The approach described proactively conveys the UE context and thus allows avoiding RLFs. It is a fast and reliable solution in particular when HeNBs are deployed within the coverage area of WAeNBs.

It is noted that the solution presented herein can be applied to LTE and technologies other than LTE. These technologies other than LTE may in particular comprise upcoming releases or Standards. The approach can be used for FDD and TDD technologies. Also, the solution may be applied to all kinds of mobile networks, in particular providing corresponding interfaces, timers and/or elements of architecture.

LIST OF ABBREVIATIONS

• ACK Acknowledged
• ARQ Automatic Repeat Request
• eNB evolved NodeB (base station)
• FDD Frequency Division Duplexing
• GCI Global Cell Identity
• HARQ Hybrid ARQ
• HeNB Home evolved NodeB
• HO Handover
• MME Mobility Management Entity
• NACK Not Acknowledged
• NLM Network Listening Mode
• RLF Radio Link Failure
• RRC Radio Resource Control
• TDD Time Division Duplexing
• UE User Equipment (mobile terminal)
• WAeNB Wide Area evolved NodeB

Claims

1. A method for data processing in a wireless network comprising a home base station that is deployed within a coverage area of at least one macro base station,

wherein the home base station obtains an identity information of at least one macro base station;

wherein the home base station determines a deterioration of a connection to a mobile terminal that is served by this home base station;

wherein the home base station conveys a context information of the mobile terminal to one macro base station identified by the identity information.

2. The method according to claim 1, wherein the identity information comprises a global cell identity of the macro base station, which is stored with the home base station.

3. The method according to claim 1, wherein the identity information is obtained during or after a network listening mode, in particular during a phase when the home base station is in a normal operational mode or in an RRC_IDLE mode.

4. The method according to claim 1, wherein the deterioration of the connection to the mobile terminal is determined in case the home base station does not receive confirmation messages within a predefined time limit.

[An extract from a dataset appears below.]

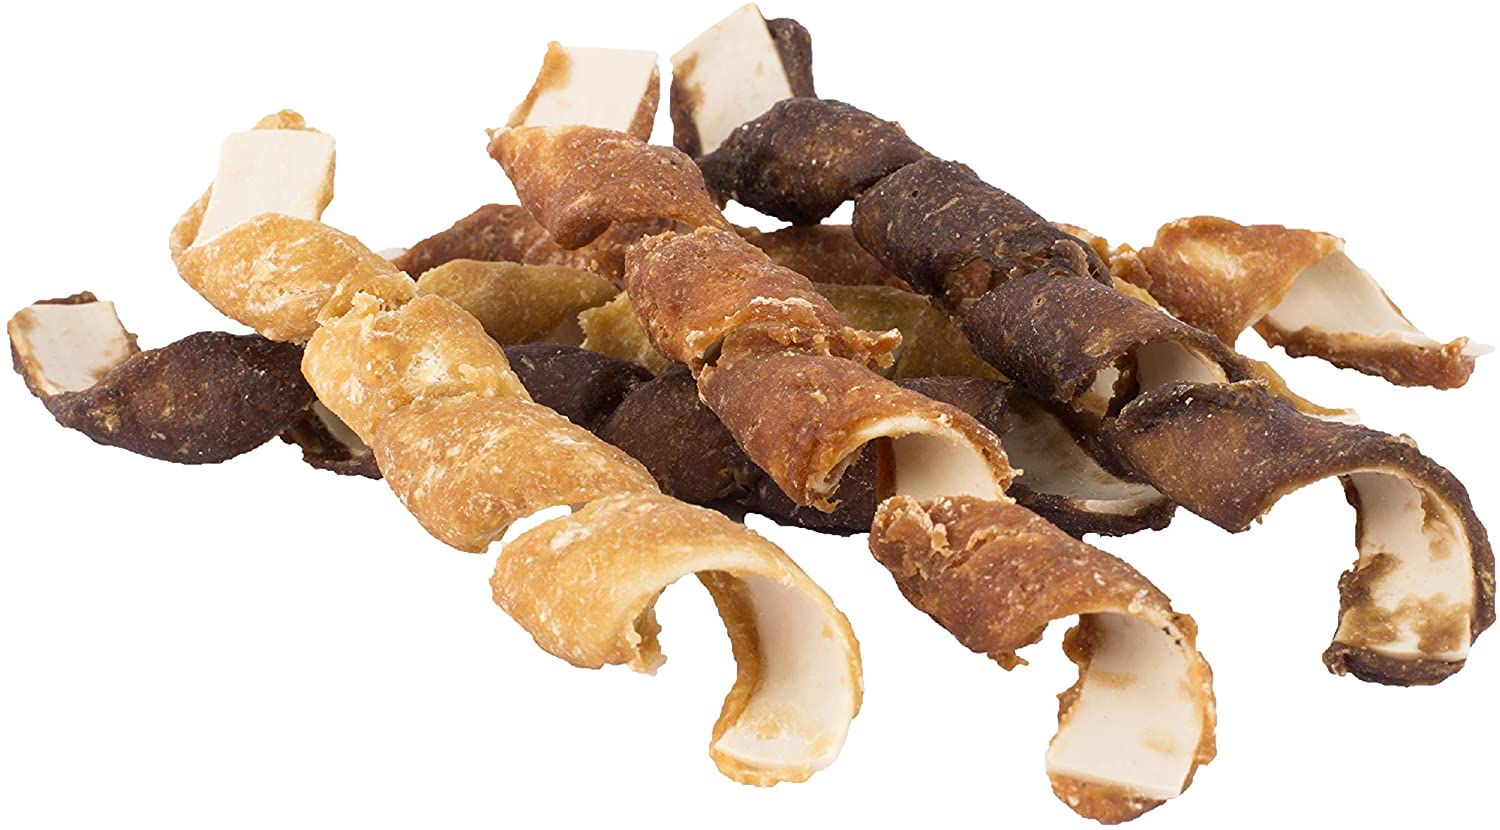 Dreambone Spirals Variety Pack, Treat Your Dog to a Chew Made with Real Meat and Vegetables Animals & Pet Supplies > Pet Supplies > Dog Supplies > Dog Treats DreamBone

5. The method according to claim 1, wherein the context information provided by the home base station is received at the macro base station and stored in particular for a predetermined period of time at the macro base station.

6. The method according to claim 1, wherein a re-establishment procedure initiated by the mobile terminal towards the macro base station is con-ducted by the macro base station using said context information for this mobile terminal.

7. The method according to claim 1, wherein the home base station obtains the identity information of the macro base station with the strongest signal received at the home base station.

8. The method according to claim 1, wherein the context information comprises at least one of the following:

a UE context;

an information element indicating the purpose of the transmission of the context information.

9. The method according to claim 8, wherein the information element indicates a potential re-establishment request with regard to the context information.

10. The method according to claim 1, wherein the context information can be sent via an S1-MME interface to the macro base station.

11. A device for data processing in a wireless network comprising a processing unit that is arranged

for obtaining an identity information of at least one macro base station;

for determining a deterioration of a connection to a mobile terminal;

for conveying a context information of the mobile terminal to one macro base station identified by the identity information.

12. The device according to claim 11, wherein the device is a home base station that is deployed within a coverage area of the at least one macro base station.

13. A communication system comprising at least one device according to claim 11.